In a previous article, I wrote about how to create your first stored procedure. This was in response to a number of questions, online and off, where individuals seemed confused about how to actual structure code in T-SQL outside of a query. That article covered the basics of writing a stored procedure and adding parameters, as well as a few suggestions. This article will go more in depth on some additional good practices that are helpful, and look at table valued parameters.
Create or Alter
When I started working with T-SQL, I was surprised at the language structure that required different code for objects, depending on when you worked with them. I had come from compiled languages where we always created constructs when we needed them with some definition like:
public static void SomeProd { // do something }
In T-SQL, I had to get used to building a stored procedure like this:
CREATE PROCEDURE MyAmazingCode @SomeParam int AS BEGIN -- Do something here SELECT @@VERSION END
If I later decide to modify the code, say, add another parameter, I need to do this:
ALTER PROCEDURE MyAmazingCode @SomeParam int AS BEGIN -- Do something here SELECT @@VERSION END
That's crazy, and to me, that's a sign of a broken language. Perhaps it makes sense with table, though I'd argue that, it really makes no sense with views, stored procedures, and functions. In any case, prior to SQL Server 2016, we had to build programming structures that accounted for whether the object existed. I've seen people do things like this:
IF EXISTS (SELECT OBJECT_ID('dbo.MyAmazingCode')) DROP PROCEDURE dbo.MyAmazingCode GO CREATE PROCEDURE dbo.MyAmazingCode @SomeParam int AS BEGIN -- Do something here SELECT @@VERSION END
Or this:
IF OBJECT_ID('dbo.MyAmazingCode') IS null EXEC('CREATE PROCEDURE dbo.MyAmazingCode as select 1') GO ALTER PROCEDURE dbo.MyAmazingCode @SomeParam int AS BEGIN -- Do something here SELECT @@VERSION END
I'm not sure which I like better, but I don't really think any of them are great. In SQL Server 2016, we got the IF EXISTS clause, which meant we could do things like this:
DROP PROCEDURE IF EXISTS dbo.MyAmazingCode GO CREATE PROCEDURE dbo.MyAmazingCode @SomeParam int AS BEGIN -- Do something here SELECT @@VERSION END
That's still not great, but we also got CREATE OR ALTER in SQL Server 2016. That means I can just write this code all the time.
CREATE OR ALTER PROCEDURE dbo.MyAmazingCode @SomeParam int AS BEGIN -- Do something here SELECT @@VERSION END
We should have had that at the beginning. Actually, they should have just gotten rid of ALTER and allowed a CREATE PROCEDURE to create a new procedure or just automatically alter the existing one. What would have mattered?

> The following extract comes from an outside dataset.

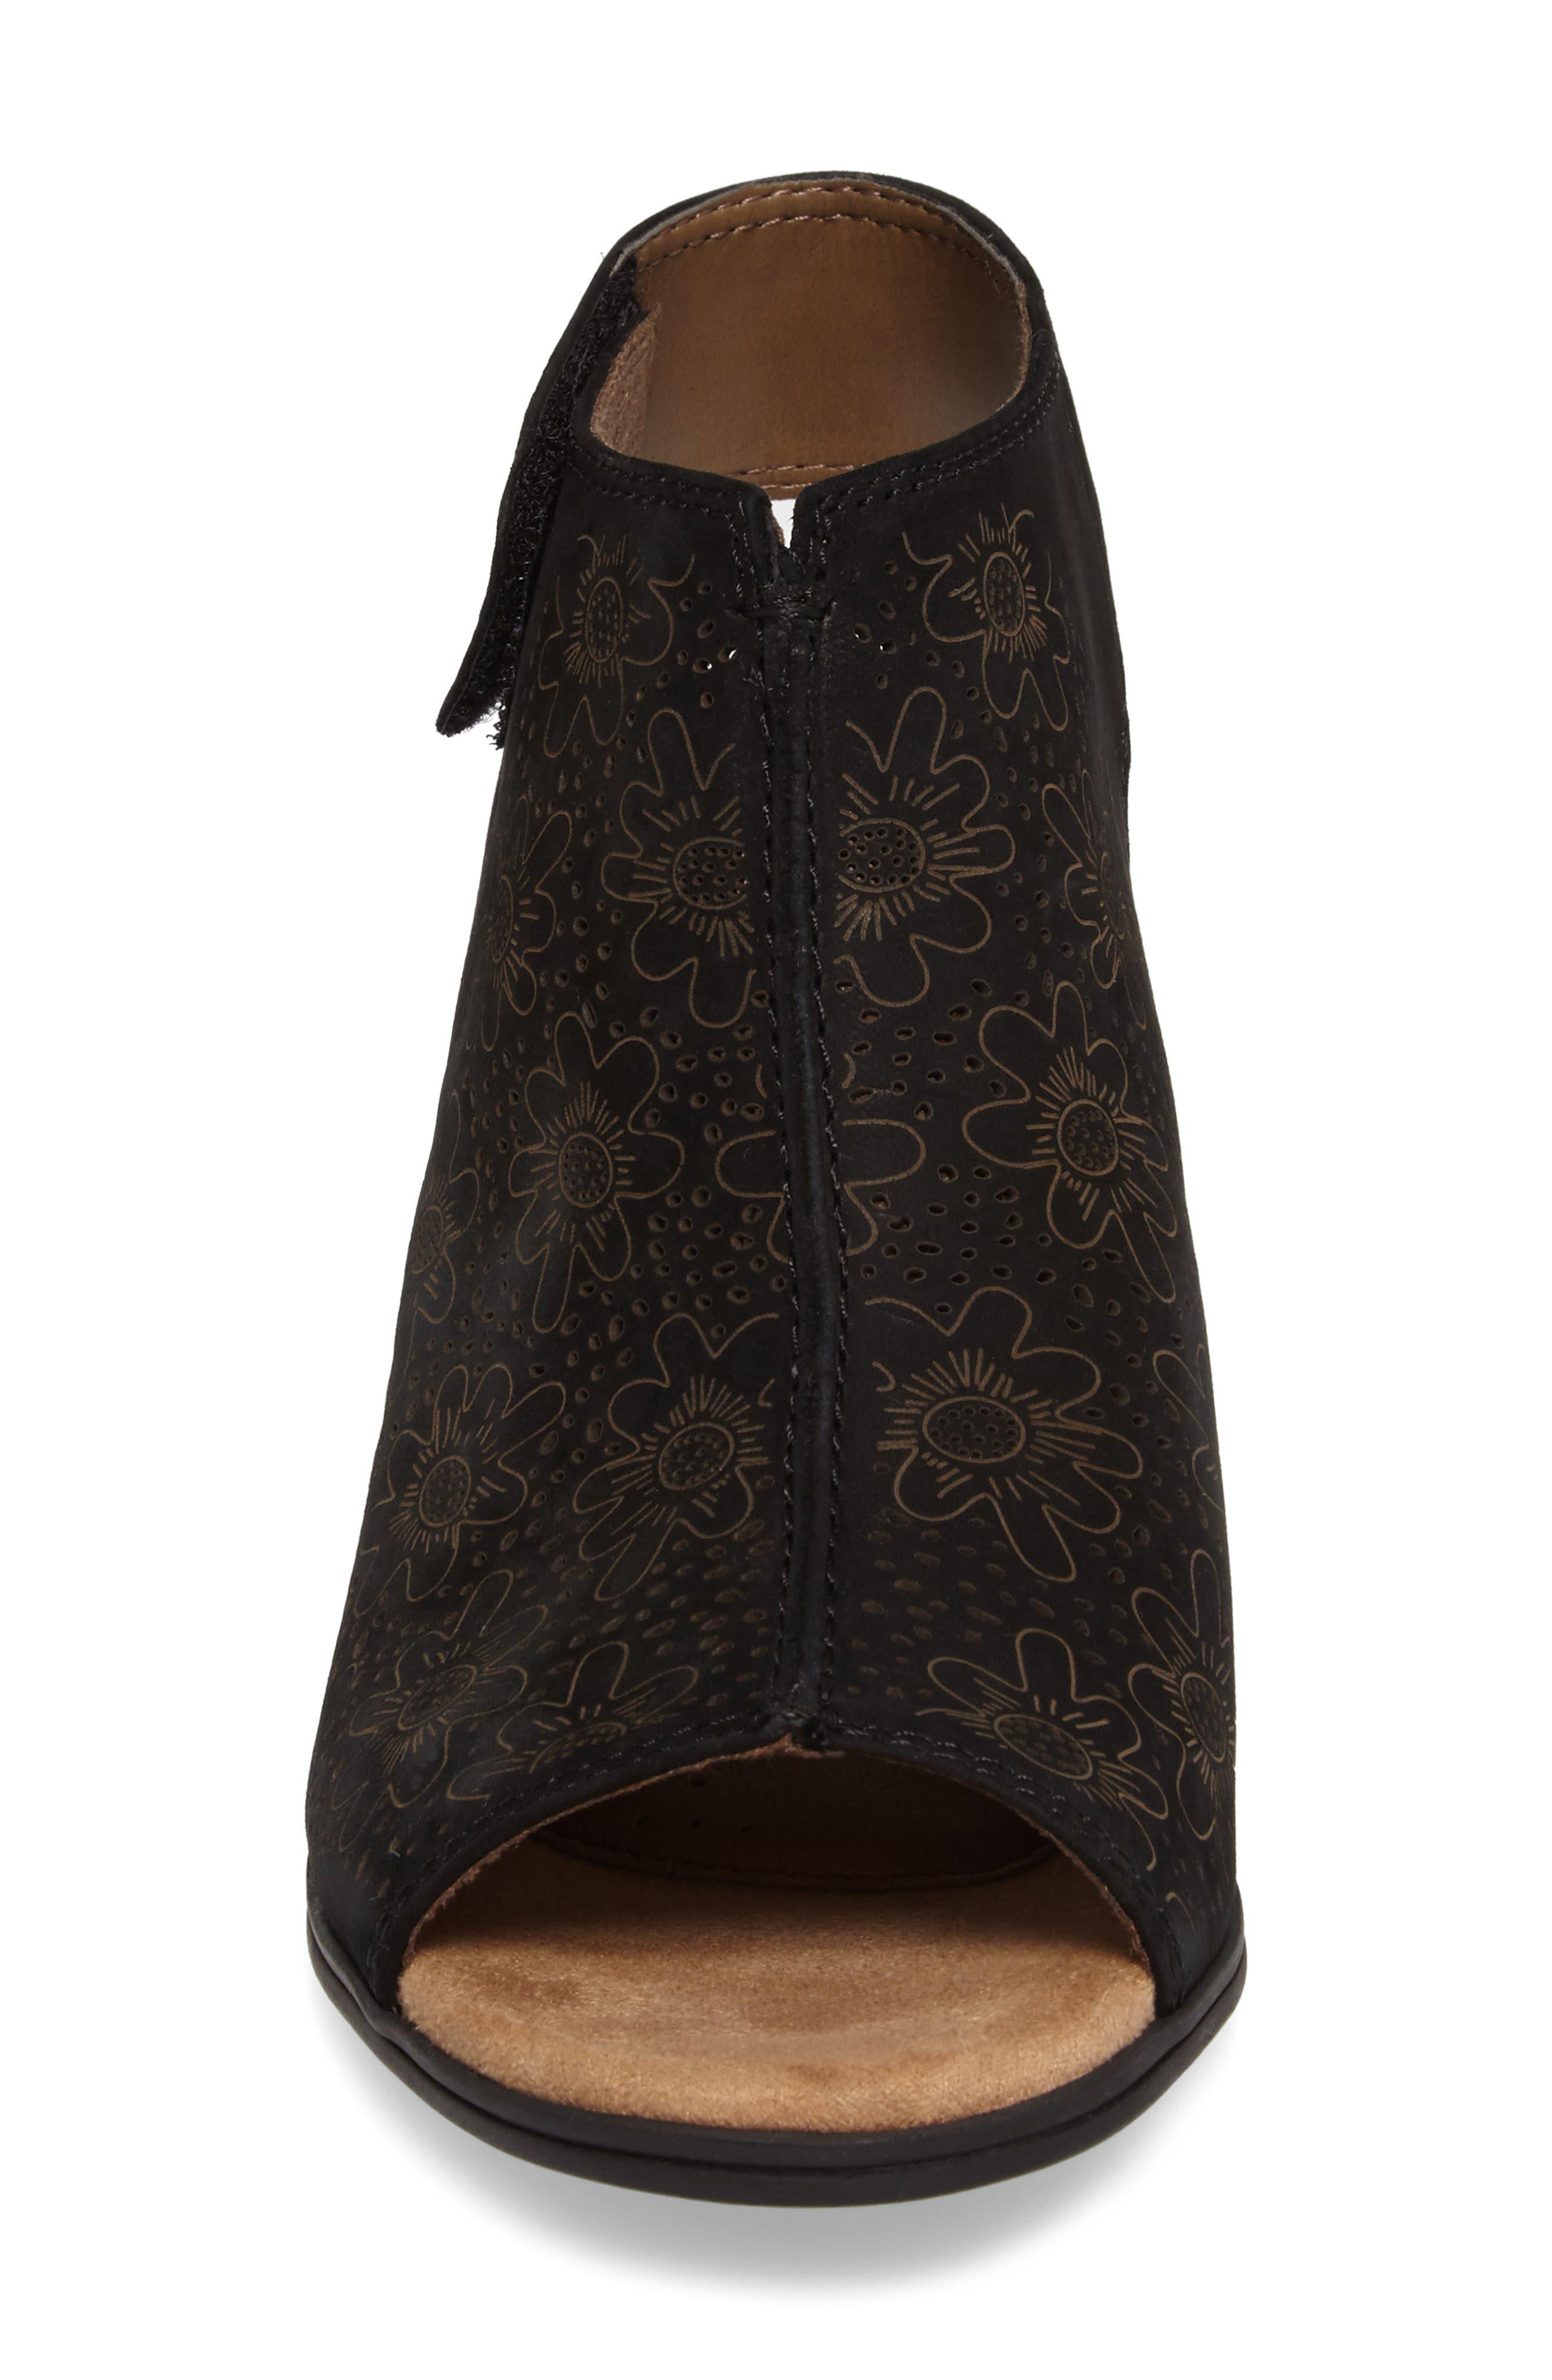 ROCKPORT COBB HILL,                             Hattie Perforated Slingback Sandal,                             Alternate thumbnail 4, color,                             BLACK NUBUCK

I would recommend that all SQL Server 2016 or great code ought to use CREATE OR ALTER.
SET NOCOUNT
One of the common recommendations for a stored procedure is that you use SET NOCOUNT ON at the beginning of the code. We typically do this as follows:
CREATE OR ALTER PROCEDURE MyAmazingCode AS BEGIN SET NOCOUNT ON -- Do incredible coding here END
This is to prevent the server from sending row counts of data affected by some statement or stored procedure to the client. This reduces the communication of data to the client and lowers network load. SQL Server can be chatty, and this is one of those areas that can improve performance.
In SSMS, you would see this data on the Messages tab in your Query Window. An analysis over at SQLPerformance.com shows that on modern versions of SQL Server and hardware there is minimal impact, but it is still a recommended practice to reduce network communication where possible.
Many people also recommend setting XACT_ABORT on for your procedure, but plenty of people don't. You should understand hwo this works before you add it to your procedures.
Commenting Your Procedure
Since a stored procedure is often longer than one line of code, it may not be obvious what the purpose of the procedure is for your application. Adding a comment that describes the overall purpose is helpful for another developer (including yourself) that may look to modify this code in the future.
Let's look at an example. Here is a stored procedure from the AdventureWorks sample database. While I prefer the /* */ structure for multi-line comments, there are a number of good things to note here. First, the top comment explains what happens with the procedure and how it is to be used. This let's a developer know that this should be called from a CATCH block.
Next, I like the documentation of the OUTPUT parameter. This let's someone know that wants to use this procedure how they can get information back. I also think the comments about when the procedure ends quickly explain why this happens. There isn't a point in commenting that if the ERROR_NUMBER() is null or the XACT_STATE() is -1 that the procedure returns. I've seen those comments and they are not useful. This tells me why the procedure behaves a certain way.
I would say that the comment in returning the @@IDENTITY value isn't needed. Most users should know this, and they should also know that SCOPE_IDENTITY() ought to be used here.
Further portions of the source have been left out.